Remote Working

As a self-employed UK freelancer since 2013, my initial remote working experience was being based at home. I couldn’t justify the cost of an office, and remote working spaces weren’t as prevalent as they are now.

Compared to working in an office (which I did for 17 years), remote working is different but requires many of the same skills: self-discipline, time-management, listening, clear communication, professionalism, and accountability.

Remote working has been a growing trend – sped up by wireless and mobile internet, plus improved software access for individuals and small businesses to leverage enterprise-level solutions. These include office suite products (spreadsheets, word processing and email), communication platforms, CRMs, interactive web2 browsers, and invoicing software. These are familiar tools to most office-style workers, whether within a corporate environment or a coworking space. Your circumstances will dictate which software best meets your needs.


Before jumping into specifics, what’s your ‘Why’? For many, an improved work-life balance and a greater degree of flexibility allows you to live a lifestyle you want. For me, that means doing work I enjoy that affords me the financial independence and flexibility to experience travelling the world, without the need to ask permission to take time off.

Maybe, you want/need to save time and/or money; with the obvious benefit of not commuting to work potentially saving hours a day and thousands a year (travelling to London, I spent 3 hours a day and £3k/year, which wasn’t considered cheap 25 years ago). You may save money by not buying professional clothes as regularly, if at all, or eating out or socialising as often.

As more of an introvert, I prefer my own space but I still miss having office colleagues to bounce ideas off, ask for help or hang out with. For extroverts, working remotely may be more challenging.
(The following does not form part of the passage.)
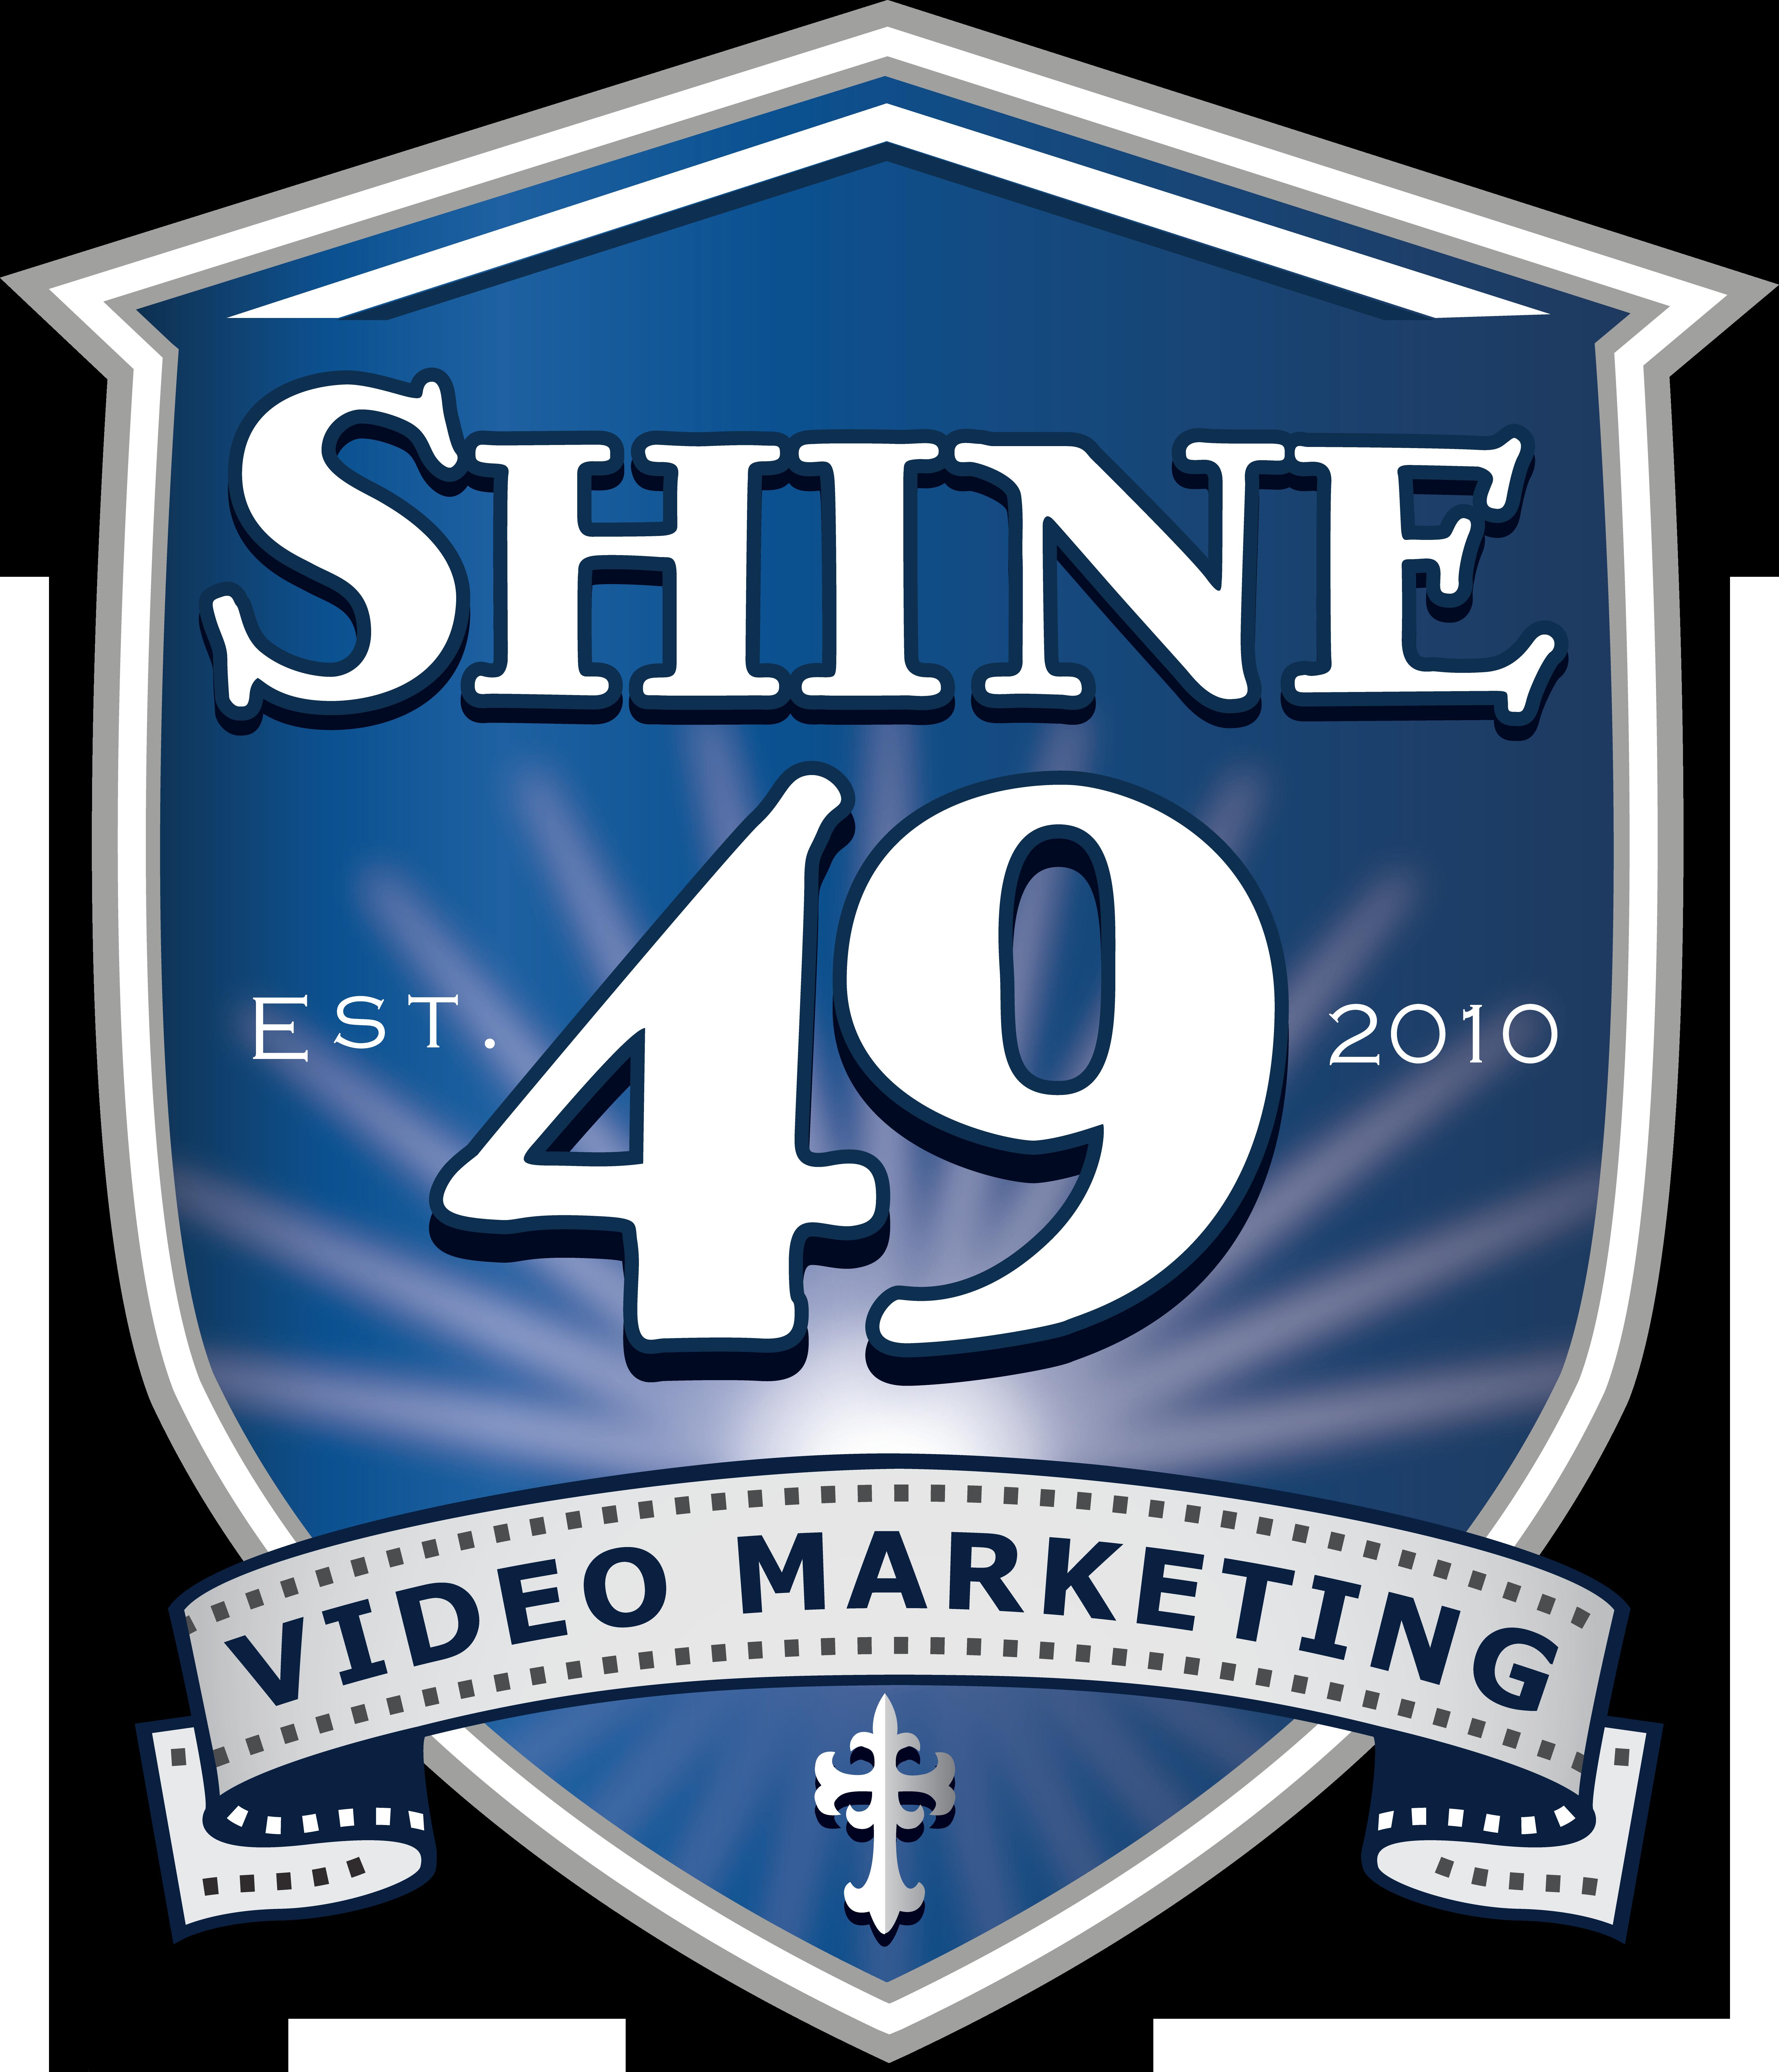 Shine 49 Video Marketing logo

Knowing your ‘Why?’ will keep you motivated when you experience challenges that might make you question if you’ve made the right decision to work remotely.


Remote Working Challenges

As already alluded to, working alone may not suit everyone because some individuals thrive around others. For them, utilising a coworking space can provide a familiar structured office environment coupled with a professional setting for client meetings and collaborations, while feeling more relaxed than its corporate equivalent. The bonus is these spaces, such as Fruitworks and The Trading Post in Kent, provide the flexibility to tailor costs to fit your budget. Although I typically work from home, I utilised a coworking space in Cambodia when the internet wasn’t up to par (this was the case during a housesit near Angkor Wat, which saw me utilising the homeowner’s red and white polka dot tuk tuk as a makeshift office in the car park of an art museum until I discovered a coworking space).


Artbox Siem Reap

One of the more challenging aspects of working remotely is connecting with potential clients. Once again, technology has made this less of a problem. Whilst social media platforms can extend your reach, the battle for attention is highly congested and, honestly, it can be very time-consuming and exhausting. The ROI may simply not be worth it. I prefer to use social media to learn from others, rather than to win clients, but I still use it to share projects I’ve worked on and blog posts I’ve written. Video conferencing allows for online B2B meetings, and postal marketing has worked well in winning new clients by letting me send sales letters pitching my services from anywhere in the world to UK businesses.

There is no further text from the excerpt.